Tarantool development patches archive
 help / color / mirror / Atom feed
From: Sergey Kaplun via Tarantool-patches <tarantool-patches@dev.tarantool.org>
To: Maxim Kokryashkin <max.kokryashkin@gmail.com>
Cc: tarantool-patches@dev.tarantool.org
Subject: Re: [Tarantool-patches] [PATCH 1/3] memprof: extend memprof symbol table
Date: Wed, 28 Jul 2021 11:16:41 +0300	[thread overview]
Message-ID: <YQESaTvMMy/eXsJP@root> (raw)
In-Reply-To: <613dd34e9f2ecf2faec5da20a6232b7df31c6e7c.1627043674.git.m.kokryashkin@tarantool.org>

On 23.07.21, Maxim Kokryashkin wrote:

| Subject: Re: [PATCH 1/3] memprof: extend memprof symbol table

Please use "PATCH luajit" prefix, for the LuaJIT-related patches.

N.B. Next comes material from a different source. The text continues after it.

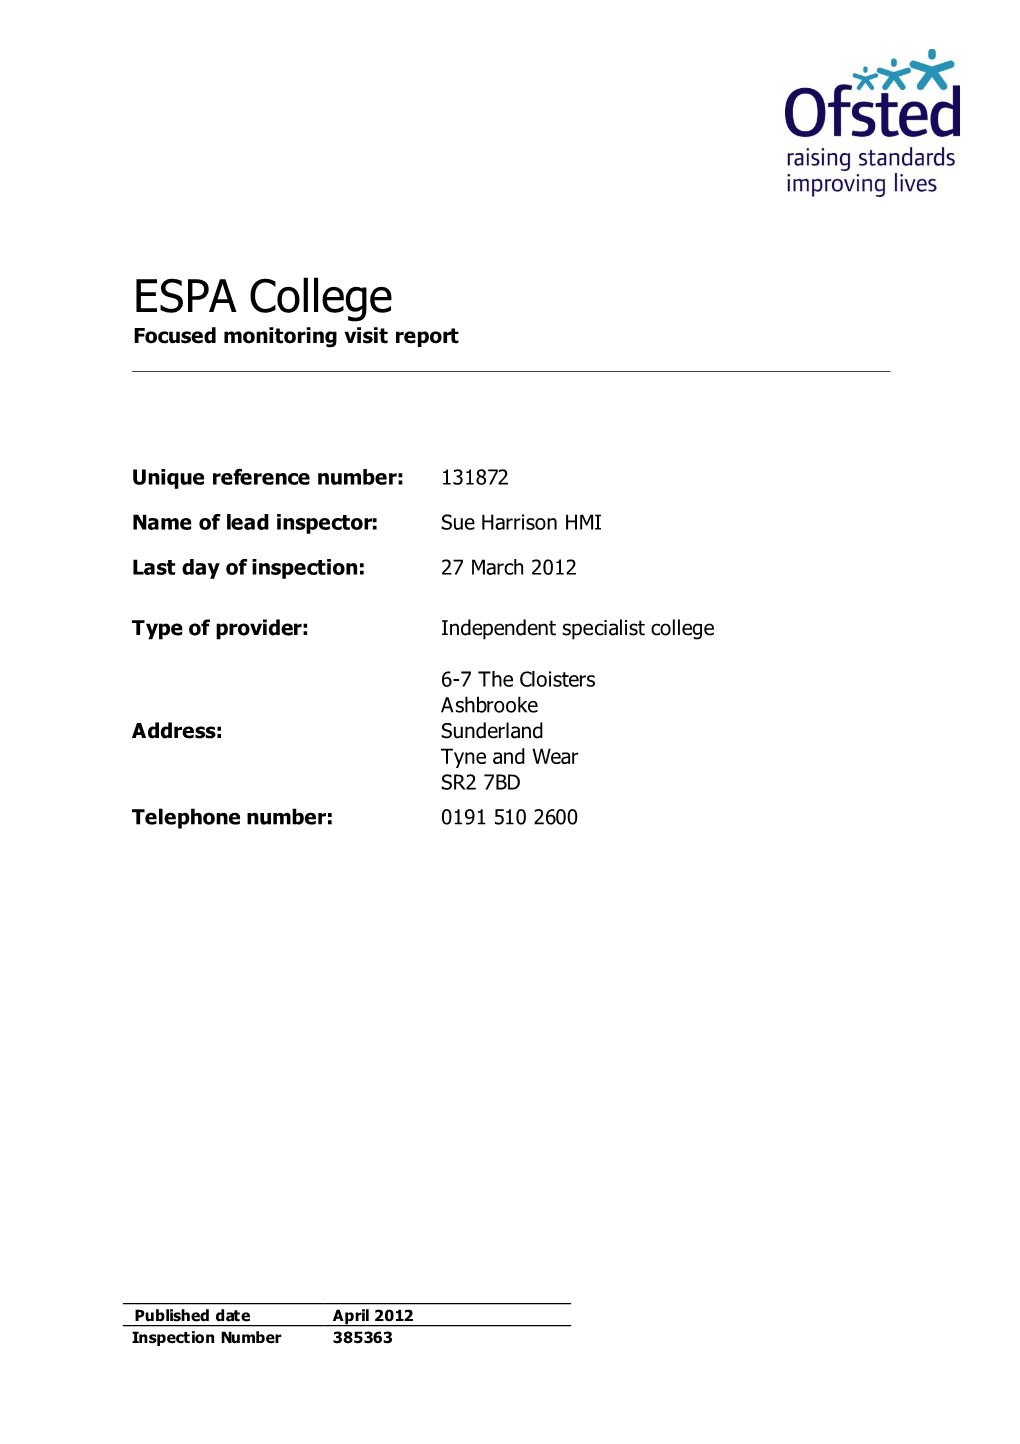 ESPA College Focused Monitoring Visit Report

| memprof: extend memprof symbol table

Nit: I suppose we can reformulate the header like the following, to
clarify it:

| memprof: extend symtab with information about .so libs

Feel free to change it on your own.

> This commit enriches memprof's symbol table with information about loaded
> ".so" files. That information will provide demangling capabilities to
> the parser.
> 
> The following data is stored for each ".so" library:
> | SYMTAB_SO | path to .so | it's address |  CRC32 Hash  |
>   1 byte                       8 bytes       8 bytes
>   magic
>   number
> 
> C symbol address from profile events with an address of the ".so" file will
> give us an offset, and it can be used to get the symbol in that file.
> 
> CRC32 hash will be used by parser to determine whether the shared

Typo: s/by parser/by the parser/

> object that was used during the process profiing and during the process

Typo: s/profiing/profiling/

> of parsing is the same.
> 
> The CRC32 hash implementation was taken from gcc libberty, which is

Typo? s/was/is/ IINM we prefer to use Present Simple in comments and
commit messages.

> distributed under GNU GPL license

Typo: missed dot at the end of the sentence

> 
> Part of tarantool/tarantool#5813
> ---

IINM we should compare this approach with a full dump of all .so
functions. May you provide some benches of your approach against the
aforementioned?

>  src/CMakeLists.txt |   1 +
>  src/lj_hash.c      | 136 +++++++++++++++++++++++++++++++++++++++++++++
>  src/lj_hash.h      |  28 ++++++++++

I suppose, that header file should be moved to the <lj_utils.h>, like it
is done for uleb. The hash interfaces should start with `lj_utils_`.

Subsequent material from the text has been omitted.